On Tue, Jun 30, 2015 at 5:35 PM, 'Deniz Yuret' via julia-users <
julia-users@googlegroups.com> wrote:

> Thanks!  I guess my rand() example was not a good example.  The actual use
> case was trying to get srand to set the seed for the gpu as well as the
> cpu.  I thought if I could override the srand function (so the user does
> not need to remember a new name), and have it call the original srand as
> well as the gpu srand that would be a good solution.  As things stand, (1)
> I can use a different name, (2) I can create an srand specific to my module
> following Matt's suggestion (do I then export this or have people call
> MyModule.srand()?), (3) I can look at what the original srand does and copy
> it into the new function.
>
> However more generally, if I understand correctly, once a function in a
> module is imported and redefined, there is no way to access the original
> definition.  Please correct me if I am wrong.
>
> best,
> deniz
>
>
> On Tue, Jun 30, 2015 at 2:17 PM Stefan Karpinski <ste...@karpinski.org>
> wrote:
>
>> Overwriting methods in Base is a bad idea. This will affect all usages of
>> the function, not just the ones in your module.

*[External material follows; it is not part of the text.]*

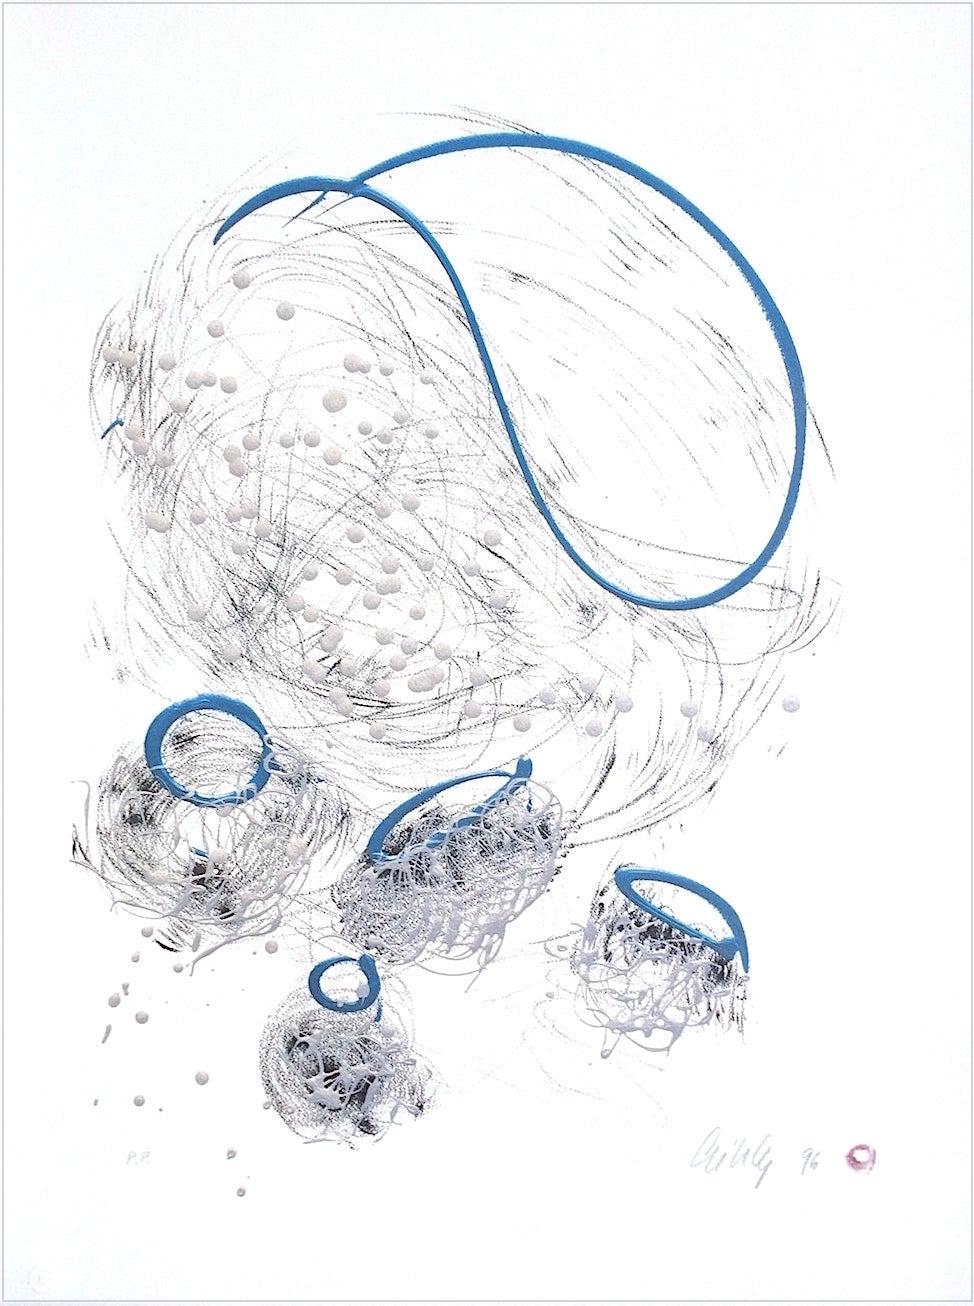 Dale Chihuly Print - BASKET DRAWING Signed Lithograph, Freeform Basket, Pearlescent blue accents

You can have your own
>> function called rand() instead.
>>
>> On Tue, Jun 30, 2015 at 3:43 PM, Matt Bauman <mbau...@gmail.com> wrote:
>>
>>> Note the warning message you get upon trying to define Base.rand():
>>>  Warning: Method definition rand() in module Random at random.jl:195
>>> overwritten in module Main at none:1
>>>
>>> You're not shadowing rand; you're totally overwriting one of its main
>>> methods.  I agree with Tom that you should probably use a different name,
>>> but if you really wanted to, you could actually shadow the name:
>>>
>>> julia> rand() = Base.rand() + 1 # Note that this will only work if you
>>> haven't used Base.rand in your module or session yet.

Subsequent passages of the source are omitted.